Table 2. Variation in the velocities for single- and two-phase flows.

$\mathit{y}$	${\mathit{u}}_{\mathit{f}}$ Single Phase $\left(\mathit{C}=0.0\right)$	${\mathit{u}}_{\mathit{p}}$ Solid–Liquid Phase $\left(\mathit{C}=0.4\right)$	${\mathit{u}}_{\mathit{f}}$ Solid–Liquid Phase $\left(\mathit{C}=0.4\right)$
−1.0	0.0000	1.0000	0.0000
−0.6	0.2741	1.3221	0.3221
−0.2	0.5117	1.5826	0.5826
0.2	0.7047	1.7698	0.7698
0.6	0.8618	1.8998	0.8998
1.0	1.0000	2.0000	1.0000

and

Table 3. Thermal variation at the different points.

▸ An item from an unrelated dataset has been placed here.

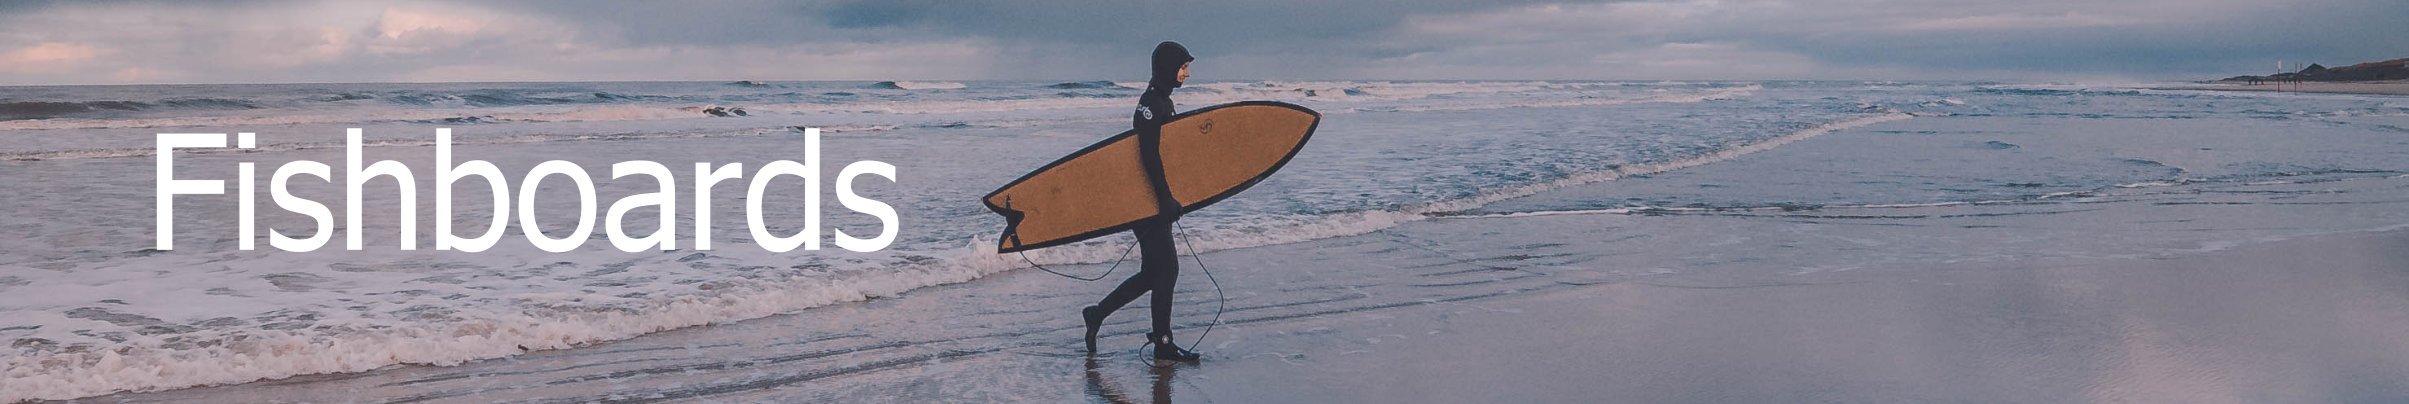 Fish surfboard online kaufen deutschland surfshop header

$\mathit{y}$	$\mathbf{\Theta }$ ${\mathit{B}}_{\mathit{r}}=0.0$	$\mathbf{\Theta }$ ${\mathit{B}}_{\mathit{r}}=2.0$	$\mathbf{\Theta }$ $\mathbf{\gamma }=0.0$	$\mathbf{\Theta }$ $\mathit{C}=0.0$
−1.0	0.0000	0.0000	0.0000	0.0000
−0.6	0.2000	0.3916	0.3512	0.3578
−0.2	0.4000	0.6066	0.5629	0.5870
0.2	0.6000	0.7528	0.7095	0.7504
0.6	0.8000	0.8785	0.8446	0.8830
1.0	1.0000	1.0000	1.0000	1.0000

. The variation in the velocities of both phases against couple stress parameter when $M=1.0, C=0.4,$ and $B_r=2.0$ are kept fixed are given in Table 1 whereas the variation in the velocities for single- and two-phase flows at different points of the domain when $M=1.0, \gamma =2.0$, and $B_r=2.0$ are specified in Table 2. The thermal variation at the different points of given domain when $M=1.0$ can be seen in Table 3. In all three table, one can conclude that temperature and velocities for both fluid and nanoparticles were an increasing function of metallic particles concentration $C$, couple stress parameter $\gamma$, and the Brinkman number $B_r$. The results extracted by numerical computation were found to be in excellent agreement with graphical illustrations and also satisfied all the subjected conditions. This provides a useful check that the presented solutions are correct.

4. Conclusions

The Couette–Poiseuille flow of couple stress fluid in the presence of Hafnium particles was studied. The viscous dissipation effects were also reported. Exponentially decreasing viscosity of base fluid was presented by the Reynolds model. Transversely acting magnetic fields contributed by hindering the bi-phase flow. The key findings are described as:

⮚

The flow of couple stress fluid resists for increasing values of Hartmann number.

⮚

The temperature effectively variates the viscosity of the fluid to cause the shear thinning effects.

⮚

The temperature of the flow mounts in response of higher values of Brinkman number.

⮚

Attenuation of the viscosity results to expedite the flows.

⮚

Viscosity parameter brings celerity in the velocity of bi-phase fluid due to high temperature difference.

⮚

Molecules additives of base fluid reduce the force of friction and hence in both phases the velocity is galvanized.

⮚

Due to the immense applications of multiphase flows in industrial and pharmaceutical, the proposed theoretical model is now available to vet relevant experimental investigations.